В таких мечтаниях она подъехала к повороту с большой дороги, ведшему в Воздвиженское.
Чтобы не зависеть от Левиных в этой поездке, Дарья Александровна послала в деревню нанять лошадей; но Левин, узнав об этом, пришел к ней с выговором.
— Почему же ты думаешь, что мне неприятна твоя поездка? Да если бы мне и было это неприятно, то тем более мне неприятно, что ты не берешь моих лошадей, — говорил он. — Ты мне ни разу не сказала, что ты решительно едешь. А нанимать на деревне, во-первых, неприятно для меня, а главное, они возьмутся, но не довезут. У меня лошади есть. И если ты не хочешь огорчить меня, то ты возьми моих.
Дарья Александровна должна была согласиться, и в назначенный день Левин приготовил для свояченицы четверню лошадей и подставу, собрав ее из рабочих и верховых, очень некрасивую, но которая могла довезти Дарью Александровну в один день. Теперь, когда лошади нужны были и для уезжавшей княгини и для акушерки, это было затруднительно для Левина, но по долгу гостеприимства он не мог допустить Дарью Александровну нанимать из его дома лошадей и, кроме того, знал, что двадцать рублей, которые просили с Дарьи Александровны за эту поездку, были для нее очень важны; а денежные дела Дарьи Александровны, находившиеся в очень плохом положении, чувствовались Левиным как свои собственные.

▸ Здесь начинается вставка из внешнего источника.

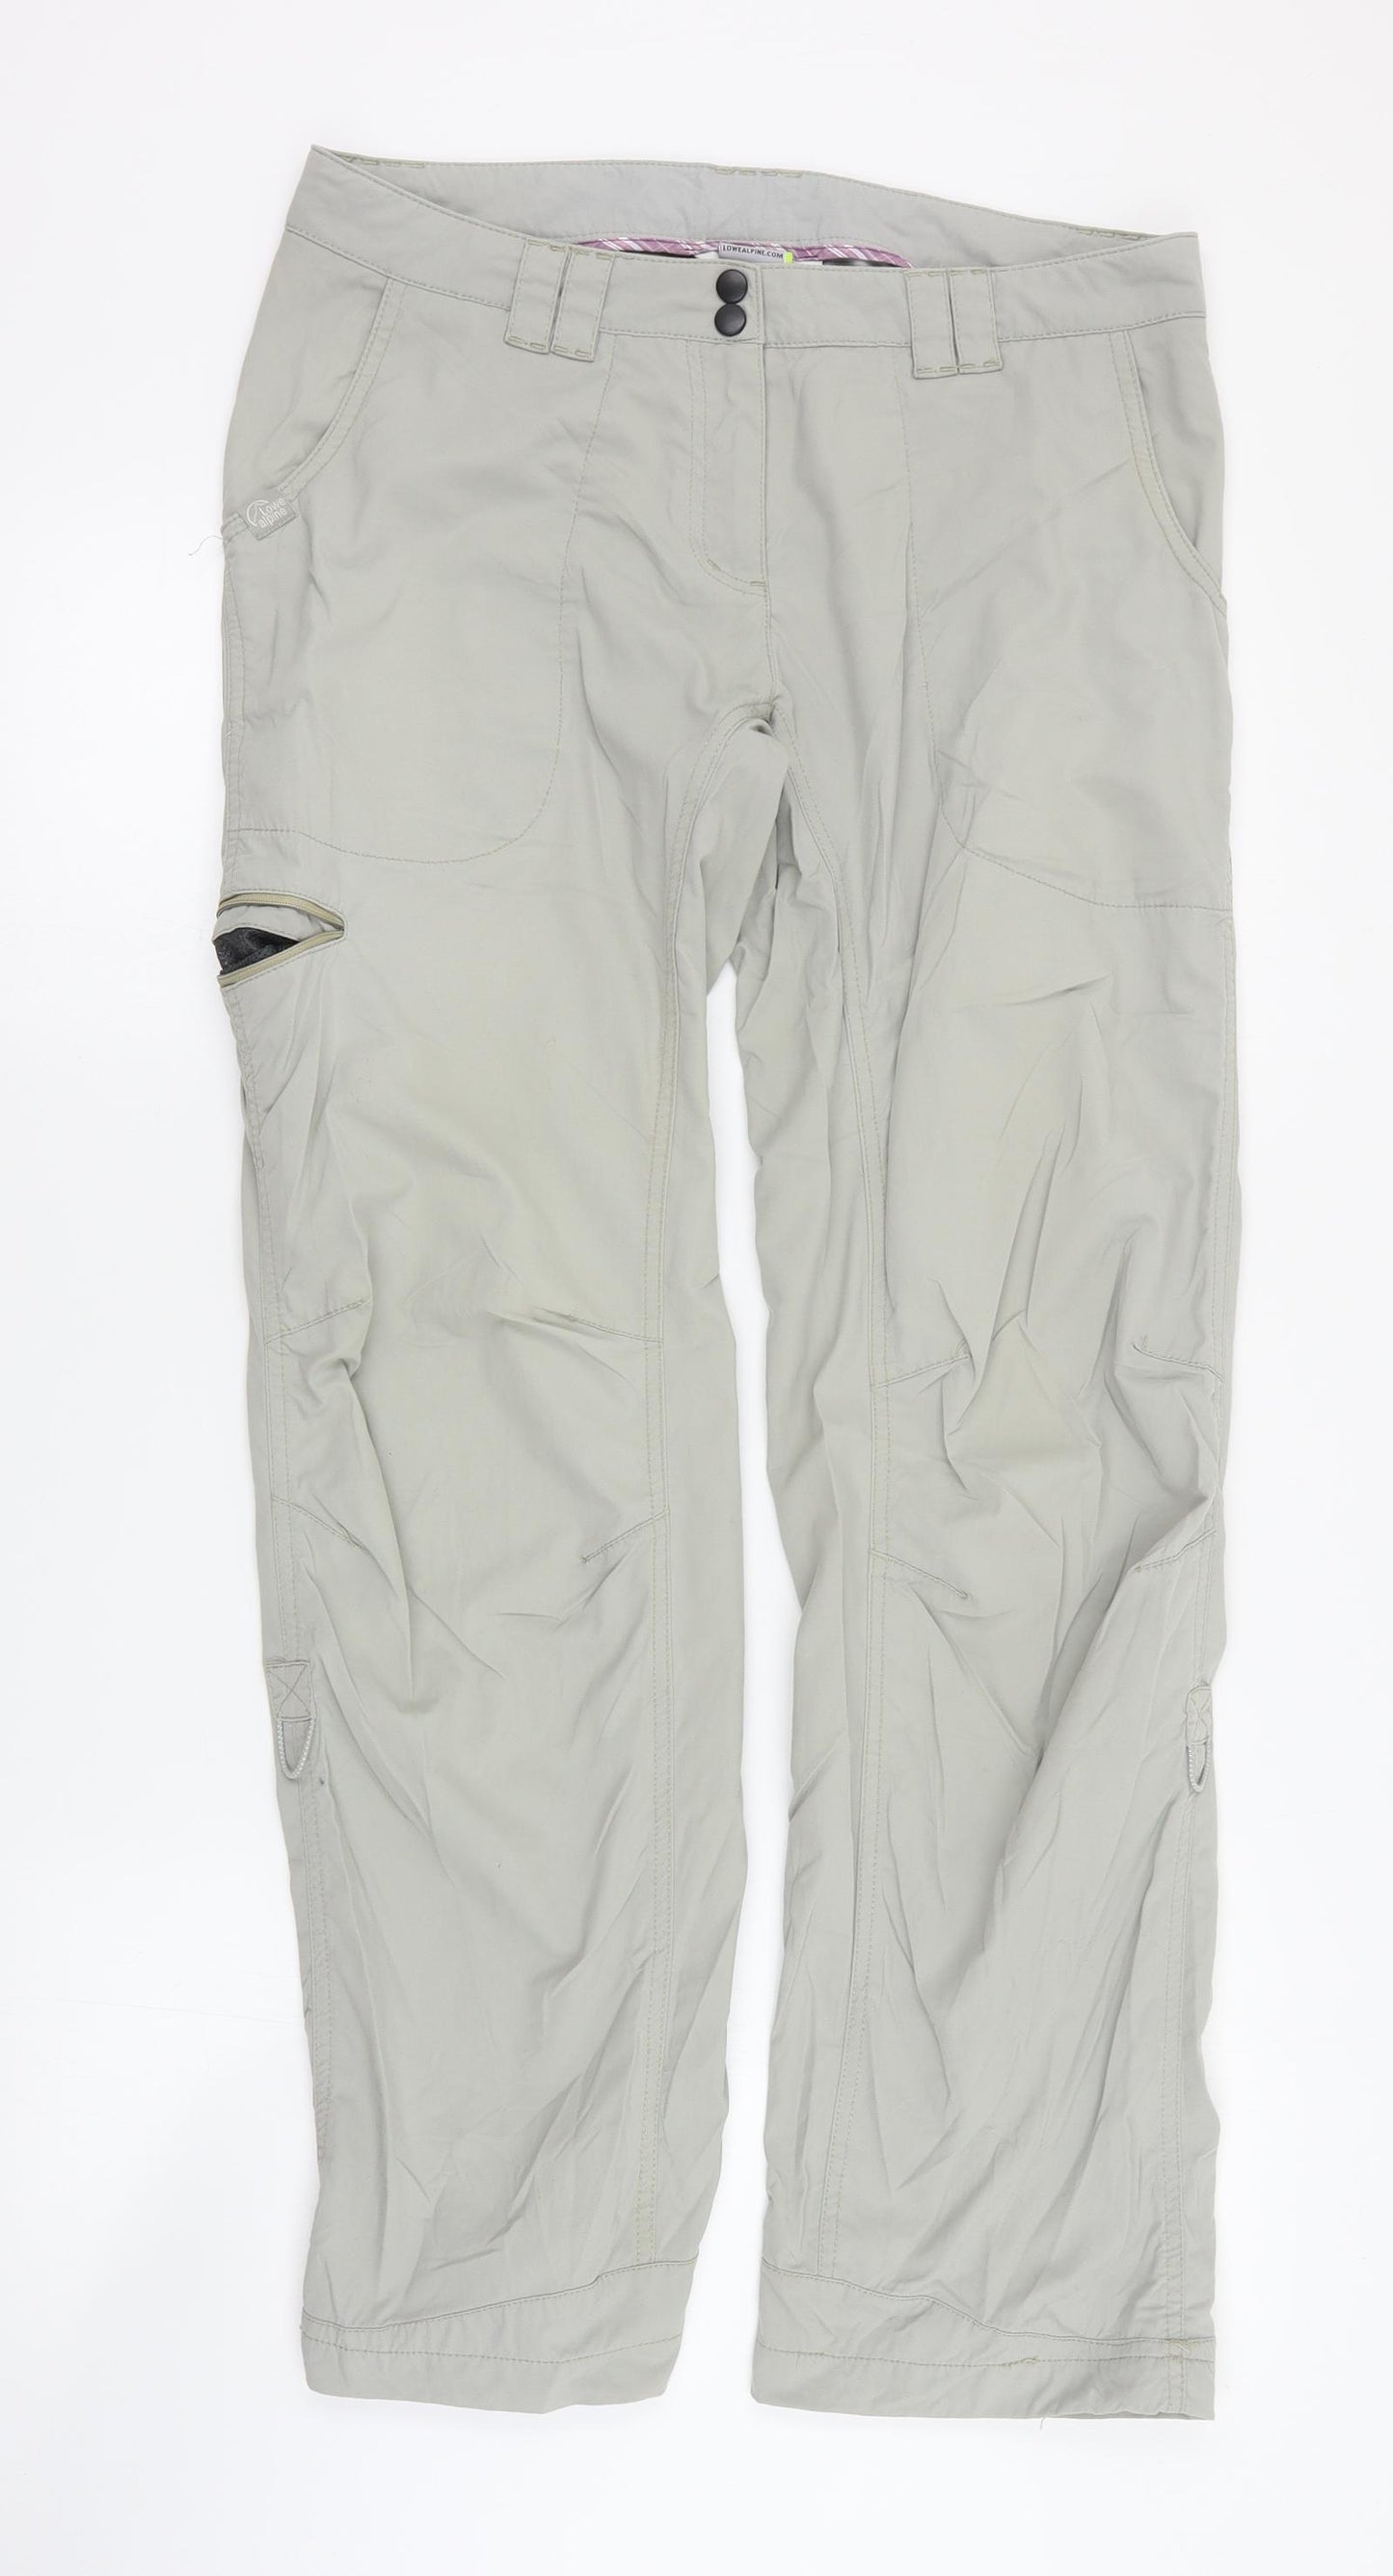 Lowe Alpine Womens Beige  Nylon Trousers  Size 10 L30 in Regular Zip

Дарья Александровна по совету Левина выехала до зари. Дорога была хороша, коляска покойна, лошади бежали хорошо, и на козлах, кроме кучера, сидел конторщик вместо лакея, посланный Левиным для безопасности. Дарья Александровна задремала и проснулась, только подъезжая уже к постоялому двору, где надо было переменять лошадей.
Напившись чаю у того самого богатого мужика-хозяина, у которого останавливался Левин в свою поездку к Свияжскому, и побеседовав с бабами о детях и со стариком о графе Вронском, которого тот очень хвалил, Дарья Александровна в десять часов поехала дальше. Дома ей, за заботами о детях, никогда не бывало времени думать. Зато уже теперь, на этом четырехчасовом переезде, все прежде задержанные мысли вдруг столпились в ее голове, и она передумала всю свою жизнь, как никогда прежде, и с самых разных сторон. Ей самой странны были ее мысли. Сначала она думала о детях, о которых, хотя княгиня, а главное, Кити (она на нее больше надеялась), обещала за ними смотреть, она все-таки беспокоилась. «Как бы Маша опять не начала шалить, Гришу как бы не ударила лошадь, да и желудок Лили как бы еще больше не расстроился». Но потом вопросы настоящего стали сменяться вопросами ближайшего будущего. Она стала думать о том, как в Москве надо на нынешнюю зиму взять новую квартиру, переменить мебель в гостиной и сделать шубку старшей дочери. Потом стали представляться ей вопросы более отдаленного будущего: как она выведет детей в люди. «Девочек еще ничего, — думала она, — но мальчики?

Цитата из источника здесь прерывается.